Domain-to-Site Mapping

After verification/claiming, users map domains to sites

-- POST /api/domain/wisp/map-site
-- Body: { domain: "myhandle.wisp.place", siteRkey: "site123" }

UPDATE domains SET rkey = ${siteRkey} WHERE domain = ${domain}

-- POST /api/domain/custom/{id}/map-site
-- Body: { siteRkey: "site123" }

UPDATE custom_domains SET rkey = ${siteRkey} WHERE id = ${id}

Serving Sites via Hosting Service

The hosting-service (separate Node microservice) routes requests based on domain type:

// Route 1: sites.wisp.place/{did}/{site}/*
if (hostname === 'sites.wisp.place')
Direct path resolution, immediate serve

// Route 2: DNS hash subdomain (for custom domains in-flight)
if (hostname.match(/^([a-f0-9]{16})\.dns\.wisp\.place$/))
Lookup by hash: getCustomDomainByHash(hash)
Get rkey, fetch from user's DID/rkey

// Route 3: Wisp subdomains (*.wisp.place)
if (hostname.endsWith('.wisp.place'))
Lookup: getWispDomain(hostname)
Database query: SELECT did, rkey FROM domains WHERE domain = ${hostname}

// Route 4: Custom domains (primary public route)
const customDomain = await getCustomDomain(hostname)
Database query: SELECT did, rkey, verified FROM custom_domains 
                      WHERE domain = ${hostname} AND verified = true

The result of these is that the hosting service can resolve the domain to fetch the site and multiple domains point to the same site, all while being under the DID's control.
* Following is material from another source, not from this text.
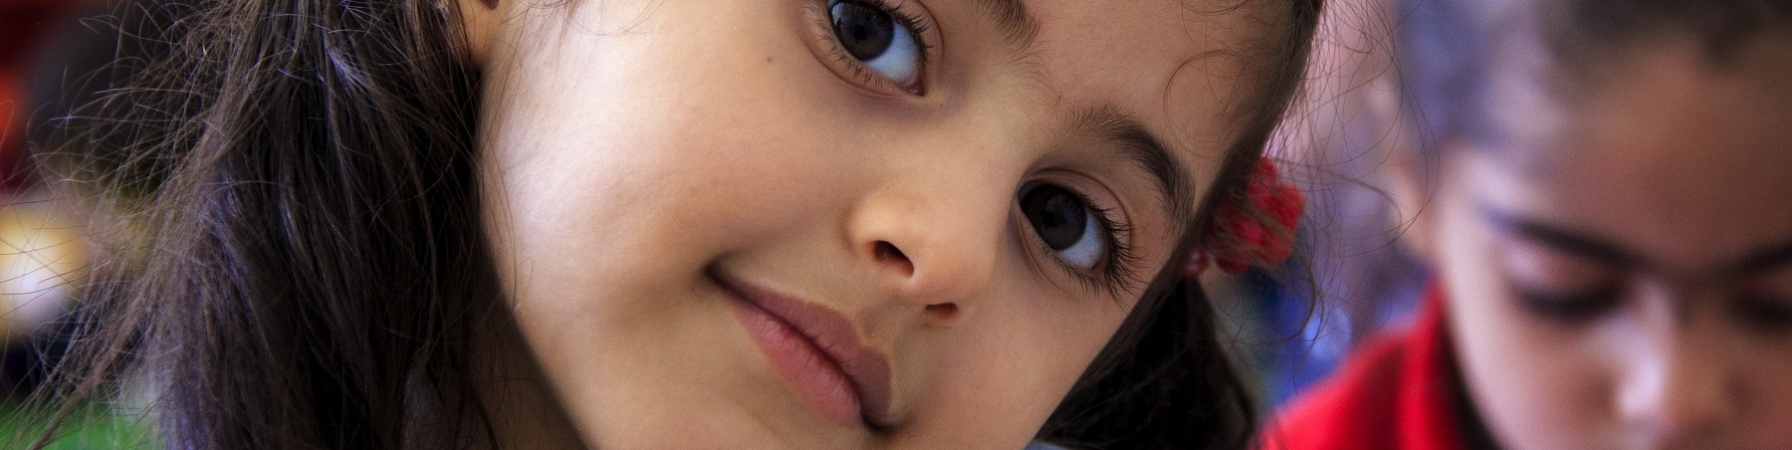 Primo piano bambina mora testa inclinata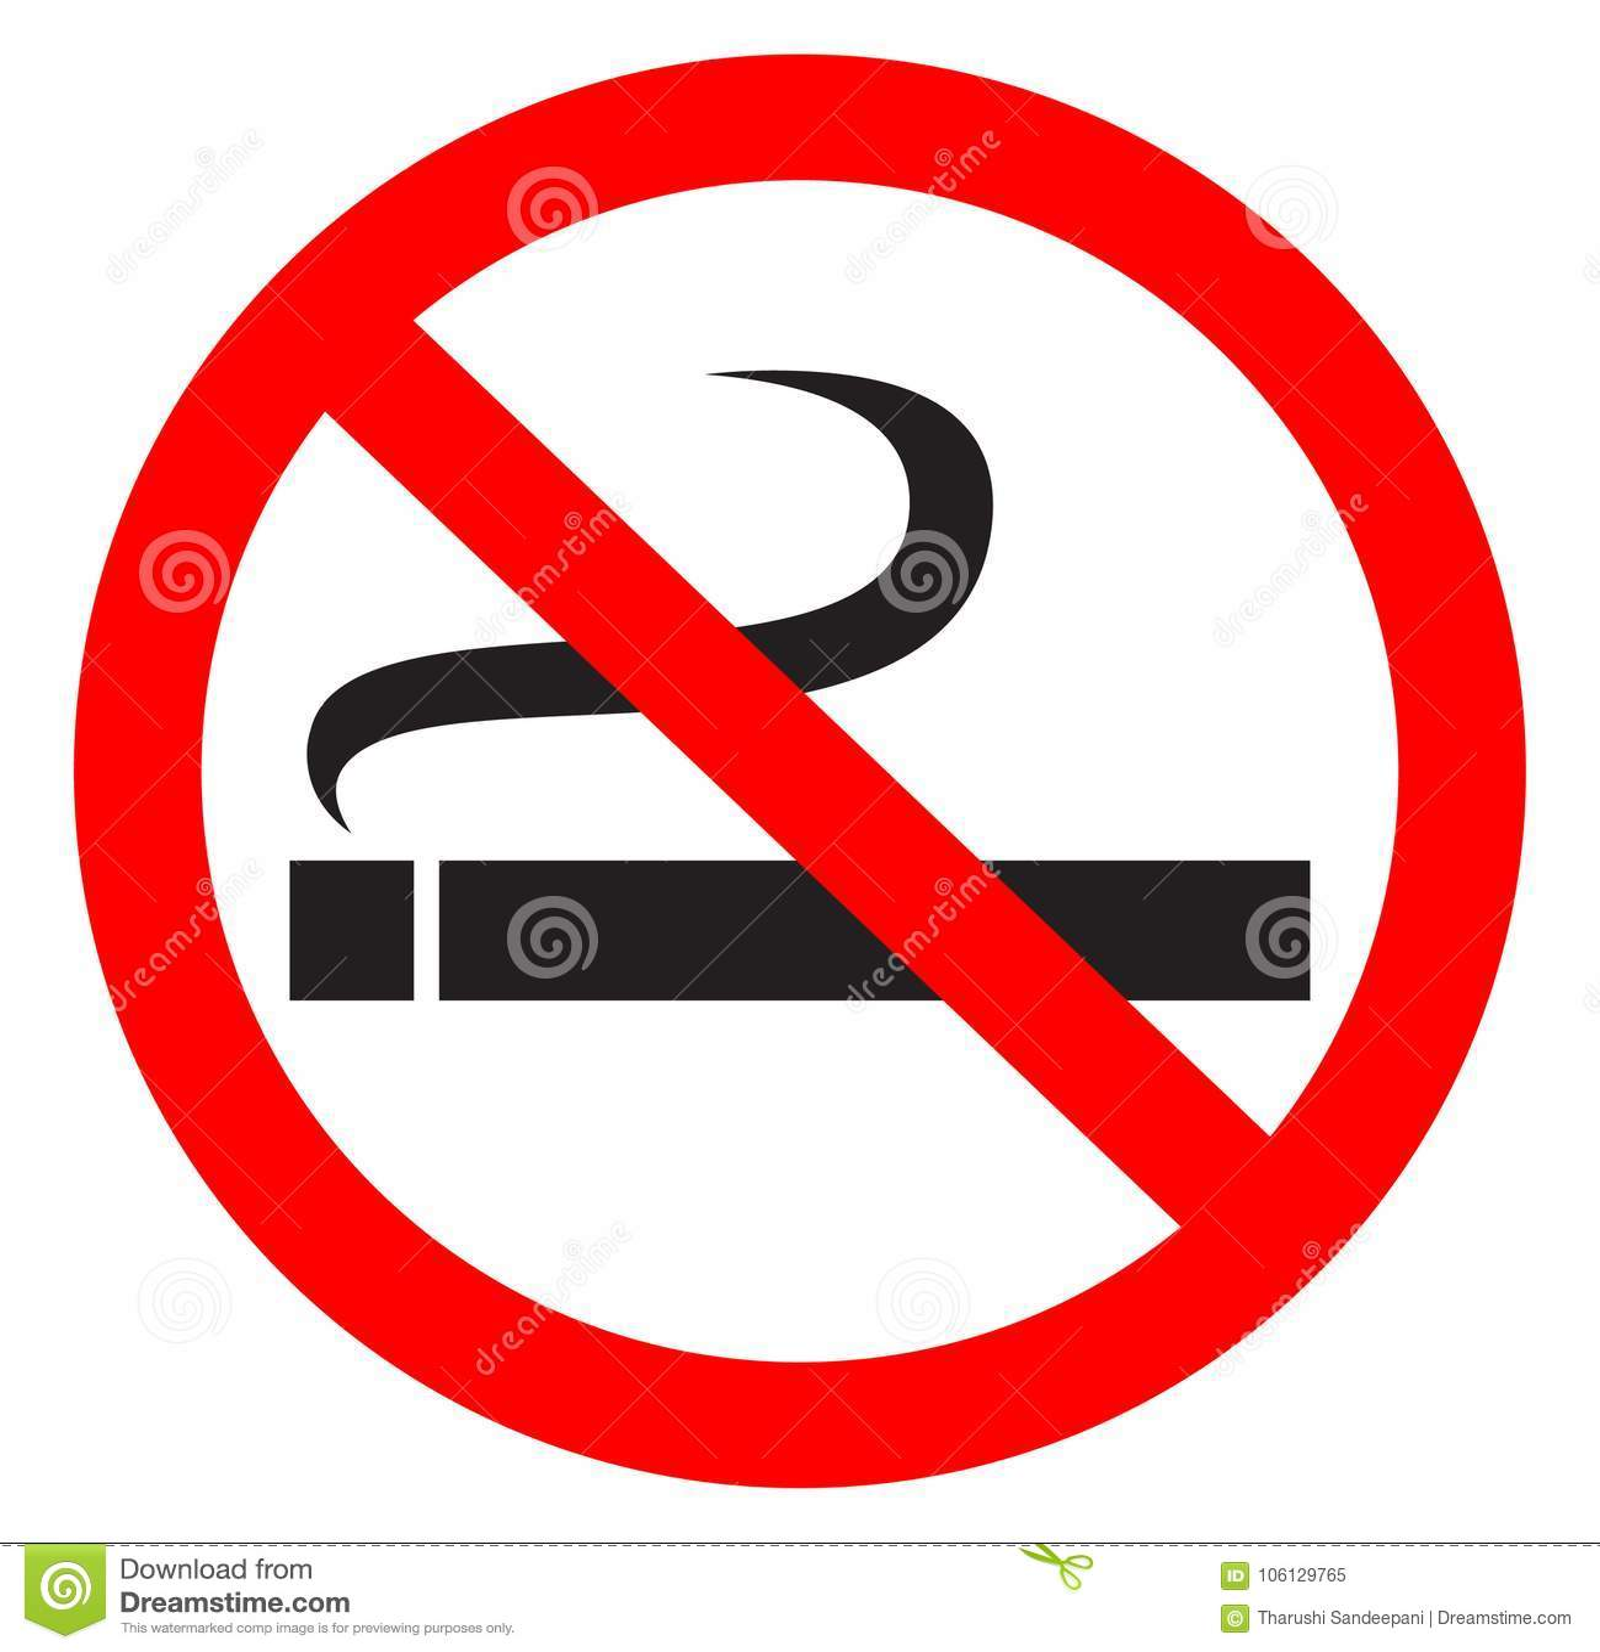 Palenie zabronione symbol

Here's the Caddyconf I use for this

{
    on_demand_tls {
        ask http://wisp-place:8000/api/domain/registered
    }
}

*.dns.wisp.place *.wisp.place {
    reverse_proxy hosting-service:3001
}

https:// {
    tls {
        on_demand
    }
    reverse_proxy hosting-service:3001
}

This is the only part of wisp.place that isn't 'ATprotated' if you don't count the simple act of signing into the service as being that.

I hope this serves useful to someone doing something similar. As far as I can tell, Leaflet does it a very similar way but instead of Caddy, they rely on Vercel's DNS and reverse proxy services to terminate the TLS and ensure custom domains get the certs up.